Hackers have left a live Twitter/X credential‑stuffing botnet effectively unlocked, exposing its full command‑and‑control stack, worker fleet, and root passwords to anyone who knows where to look.
The C2 runs on a Windows Server 2019 instance hosted by Hetzner in Falkenstein, Germany, with RDP, SMB, and WinRM all exposed alongside the Flask panel, indicating a largely unhardened build.
The application is a single‑page dashboard built with Python Flask, Socket.IO, and Chart.js, streaming live statistics from an active credential‑stuffing pipeline against Twitter/X login endpoints.
GHOST researchers found an exposed Flask-based control panel at 144[.]76[.]57[.]92:5000, branded “Twitter Checker Master Panel – FULL FIX v2.3,” with no authentication of any kind. There is no login route, no API key checks, and no session handling; every page and API call is accessible directly over HTTP on port 5000.
GHOST captured the full 98 KB panel source, confirming the absence of any authentication controls and the hard‑coded API layout that drives the operation.
Full C2 and worker exposure
Every operational function is mapped to unauthenticated REST endpoints, including server management, campaign control, configuration, and data exfiltration.
A single call to /api/servers returns the IP address, root SSH password, health status, and install state for each worker node in plaintext, effectively publishing the attacker’s own infrastructure credentials.
Bulk endpoints allow any visitor to start, stop, or restart checks across all workers, upload new combo lists, download hit results, push new proxy lists, or wipe result files, giving outsiders full control over the botnet.
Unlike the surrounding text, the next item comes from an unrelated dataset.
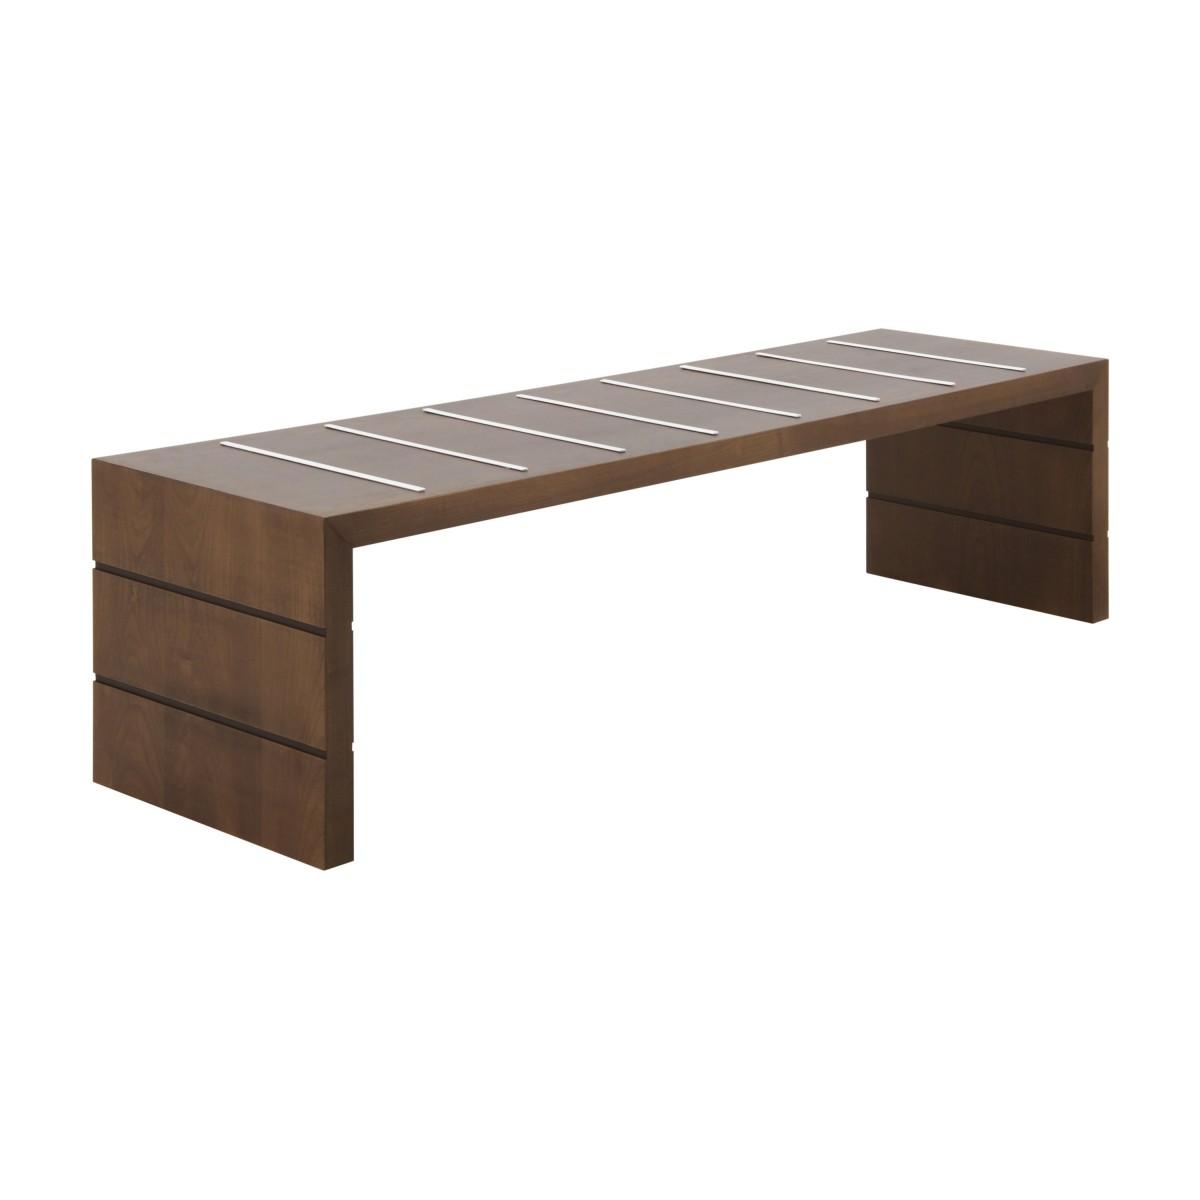 Upholstered bench Ottavia - Sevensedie

Behind the C2, 18 Linux worker servers sit in the 31[.]58[.]245[.]0/24 network, all owned by Komuta Savunma Yuksek Teknoloji Limited Şirketi in Ankara, Turkey, and reachable via root SSH on port 22.
Server labels use the Turkish word “Sunucu” with numbering from Sunucu 8 to Sunucu 25, suggesting a previous generation of at least seven decommissioned nodes.
During a 12‑minute observation window on April 10, 2026, GHOST watched the panel test 722,763 Twitter/X credential pairs in real time and add 18 new compromised accounts to its hit list.
Lifetime counters showed 4,862,580 total accounts checked, with 138 successful takeovers, translating to an overall hit rate of roughly 0.0028 percent small in percentage terms but meaningful when driven at millions of attempts per day.
The telemetry also exposes how much 2FA blocks this activity: 4,163,790 of the tested accounts (about 85.6 percent) returned a two‑factor challenge and were immediately discarded by the tool.
Only 211,662 accounts had valid passwords without 2FA, and just 138 of those were fully compromised, highlighting that the botnet is limited to basic password‑only takeovers rather than more advanced bypass techniques.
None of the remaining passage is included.